Sometimes, especially on a system using the iSCSI initiator, disks do arrive while diskinfo
is running. This triggers walk_devtree()
which creates a thread to run the walker()
routine in lib/libdiskmgt/common/events.c
. Unfortunately this routine begins with an immediate sleep of WALK_WAIT_TIME
-- 60 seconds! -- ostensibly to allow events to coalesce and reduce the number of walks we need to do to converge.
The sleep is effectively uninterruptible from another thread so when we go to exit, libdiskmgt_fini()
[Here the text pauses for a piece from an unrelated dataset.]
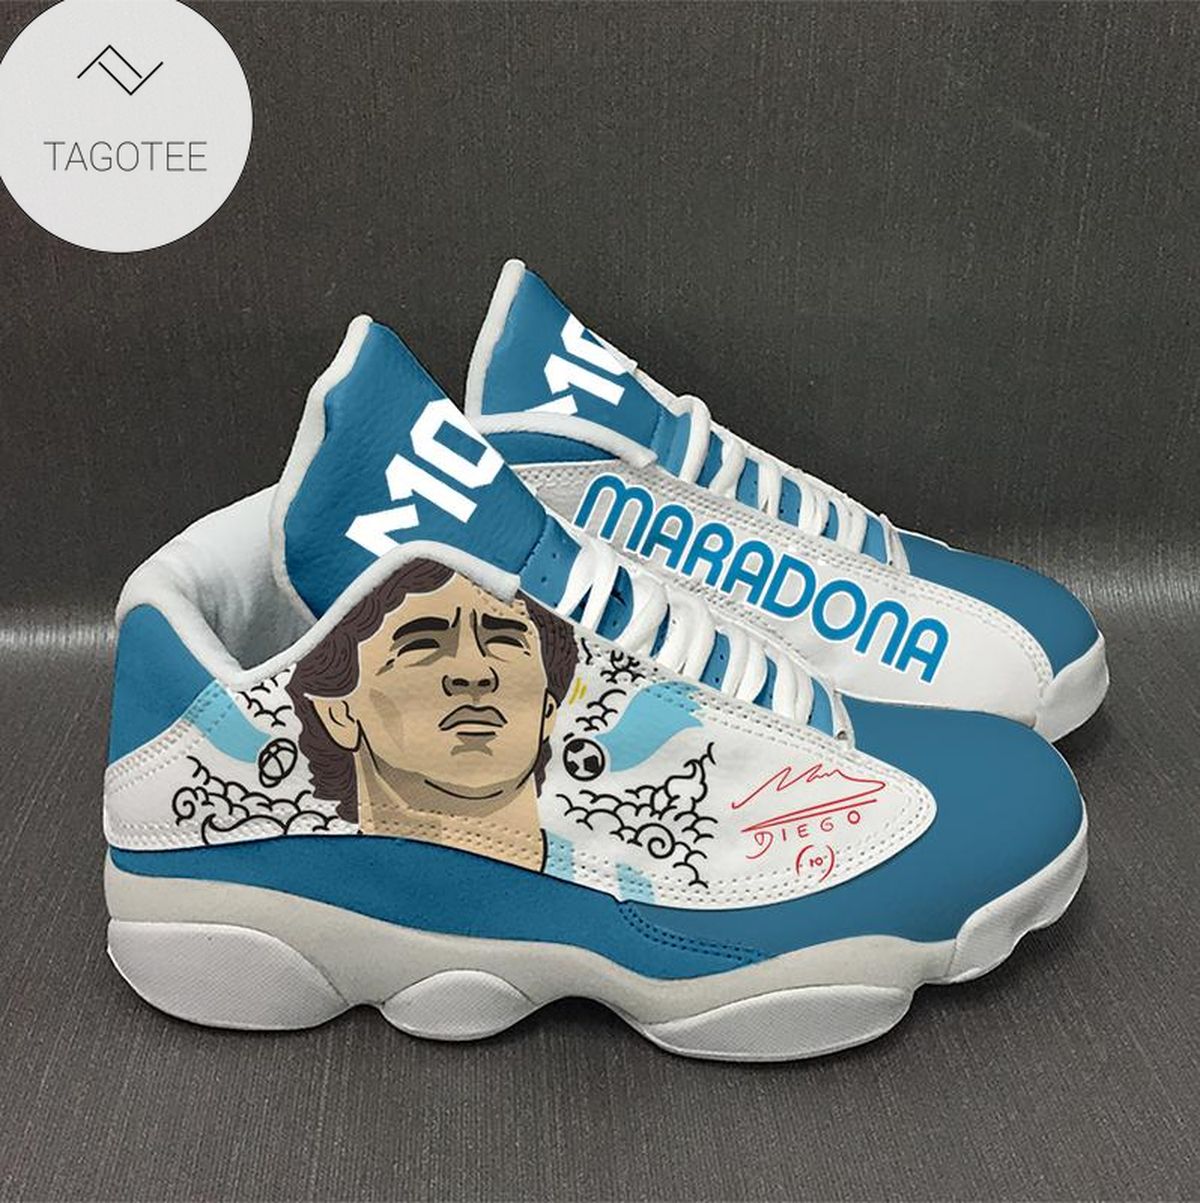 Diego Maradona Sneakers Air Jordan 13 Shoes

blocks waiting for it to complete. This can take up to a minute in this state during which diskinfo
appears to be hung:
grandcentral # pstack 100813 100813: diskinfo --------------------- thread# 1 / lwp# 1 --------------------- feca6b0b lwp_park (0, 0, 0) fec9f794 cond_wait_queue (fee463a0, fee463b0, 0) + 5f fec9faf1 cond_wait_common (fee463a0, fee463b0, 0) + 2ed fec9ff08 __cond_wait (fee463a0, fee463b0) + 78 feca000c cond_wait (fee463a0, fee463b0) + 2e fee2bc97 libdiskmgt_fini () + 93 fee347bb _fini (f477dbe0, 0, fee70018, f, f477daec, 0) + 1b f4750a13 call_fini (f477dbe0, fd900018, 0) + 94 f4750c16 atexit_fini () + 125 fec0ea10 __cxa_finalize (0) + 69 fec0eaac _exithandle () + 37 fec02a82 exit (1, 803d840, f4750af1, 0, 0, 0) + 12 0805197a _start (1, 803d90c, 0, 803d915, 803d929, 803d945) + 1a --------------------- thread# 2 / lwp# 2 --------------------- fecab890 door (fe40f7f8, 4, 0, fe40fe00, f5f00, a) fef34eb9 event_deliver_service (8a34168, fe40f840, 5c0, 0, 0) + 122 fecab8b0 __door_return () + 40 --------------------- thread# 4 / lwp# 4 --------------------- fecab890 door (fdb6f7f8, 4, 0, fdb6fe00, f5f00, a) fef34eb9 event_deliver_service (8a34168, fdb6f840, 5c0, 0, 0) + 122 fecab8b0 __door_return () + 40 --------------------- thread# 5 / lwp# 5 --------------------- fecaa827 nanosleep (fdc9af98, fdc9af90) fec9411c sleep (3c) + 31 fee2b75a walker (0) + 20 feca6821 _thrp_setup (fe771a40) + 81 feca6ad0 _lwp_start (fe771a40, 0, 0, 0, 0, 0) --------------------- thread# 7 / lwp# 7 --------------------- feca6b0b lwp_park (0, fd5aef28, 0) fec9f794 cond_wait_queue (fea2a818, fea2a838, fd5aef28) + 5f fec9faf1 cond_wait_common (fea2a818, fea2a838, fd5aef28) + 2ed fec9fbaf __cond_timedwait (fea2a818, fea2a838, fd5aefa4) + 66 fec9fc8a cond_timedwait (fea2a818, fea2a838, fd5aefa4) + 35 fe9f5559 umem_update_thread (0) + 20c feca6821 _thrp_setup (fe772a40) + 81 feca6ad0 _lwp_start (fe772a40, 0, 0, 0, 0, 0)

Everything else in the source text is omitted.